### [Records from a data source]
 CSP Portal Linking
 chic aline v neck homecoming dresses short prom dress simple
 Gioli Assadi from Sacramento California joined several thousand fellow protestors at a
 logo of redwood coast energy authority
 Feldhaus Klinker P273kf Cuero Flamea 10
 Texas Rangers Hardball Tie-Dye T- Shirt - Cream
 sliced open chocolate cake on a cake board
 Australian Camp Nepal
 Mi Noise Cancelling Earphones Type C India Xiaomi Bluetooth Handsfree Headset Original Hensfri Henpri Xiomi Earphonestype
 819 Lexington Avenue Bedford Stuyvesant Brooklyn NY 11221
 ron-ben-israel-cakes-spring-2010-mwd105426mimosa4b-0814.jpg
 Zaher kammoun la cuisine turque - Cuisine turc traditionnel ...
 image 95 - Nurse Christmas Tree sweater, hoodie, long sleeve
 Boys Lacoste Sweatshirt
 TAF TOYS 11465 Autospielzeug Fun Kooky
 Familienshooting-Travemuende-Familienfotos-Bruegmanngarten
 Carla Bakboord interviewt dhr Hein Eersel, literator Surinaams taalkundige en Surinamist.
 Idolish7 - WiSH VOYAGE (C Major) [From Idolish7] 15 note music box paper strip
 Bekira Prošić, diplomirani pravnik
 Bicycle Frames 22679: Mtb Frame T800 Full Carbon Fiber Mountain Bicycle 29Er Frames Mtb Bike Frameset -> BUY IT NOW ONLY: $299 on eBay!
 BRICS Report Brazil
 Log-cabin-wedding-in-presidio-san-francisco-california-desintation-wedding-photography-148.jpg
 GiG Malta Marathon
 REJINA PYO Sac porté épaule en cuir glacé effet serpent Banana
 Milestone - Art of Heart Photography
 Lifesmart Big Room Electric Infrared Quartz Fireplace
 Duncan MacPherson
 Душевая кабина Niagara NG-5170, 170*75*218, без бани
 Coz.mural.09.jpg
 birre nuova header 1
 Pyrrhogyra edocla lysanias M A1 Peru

### [DIRECTIONS]
From the line containing "Texas Rangers Hardball" through the last line of the entries above, print every line exactly, including both ends, and nothing else.

### [SOLUTION]
 Texas Rangers Hardball Tie-Dye T- Shirt - Cream
 sliced open chocolate cake on a cake board
 Australian Camp Nepal
 Mi Noise Cancelling Earphones Type C India Xiaomi Bluetooth Handsfree Headset Original Hensfri Henpri Xiomi Earphonestype
 819 Lexington Avenue Bedford Stuyvesant Brooklyn NY 11221
 ron-ben-israel-cakes-spring-2010-mwd105426mimosa4b-0814.jpg
 Zaher kammoun la cuisine turque - Cuisine turc traditionnel ...
 image 95 - Nurse Christmas Tree sweater, hoodie, long sleeve
 Boys Lacoste Sweatshirt
 TAF TOYS 11465 Autospielzeug Fun Kooky
 Familienshooting-Travemuende-Familienfotos-Bruegmanngarten
 Carla Bakboord interviewt dhr Hein Eersel, literator Surinaams taalkundige en Surinamist.
 Idolish7 - WiSH VOYAGE (C Major) [From Idolish7] 15 note music box paper strip
 Bekira Prošić, diplomirani pravnik
 Bicycle Frames 22679: Mtb Frame T800 Full Carbon Fiber Mountain Bicycle 29Er Frames Mtb Bike Frameset -> BUY IT NOW ONLY: $299 on eBay!
 BRICS Report Brazil
 Log-cabin-wedding-in-presidio-san-francisco-california-desintation-wedding-photography-148.jpg
 GiG Malta Marathon
 REJINA PYO Sac porté épaule en cuir glacé effet serpent Banana
 Milestone - Art of Heart Photography
 Lifesmart Big Room Electric Infrared Quartz Fireplace
 Duncan MacPherson
 Душевая кабина Niagara NG-5170, 170*75*218, без бани
 Coz.mural.09.jpg
 birre nuova header 1
 Pyrrhogyra edocla lysanias M A1 Peru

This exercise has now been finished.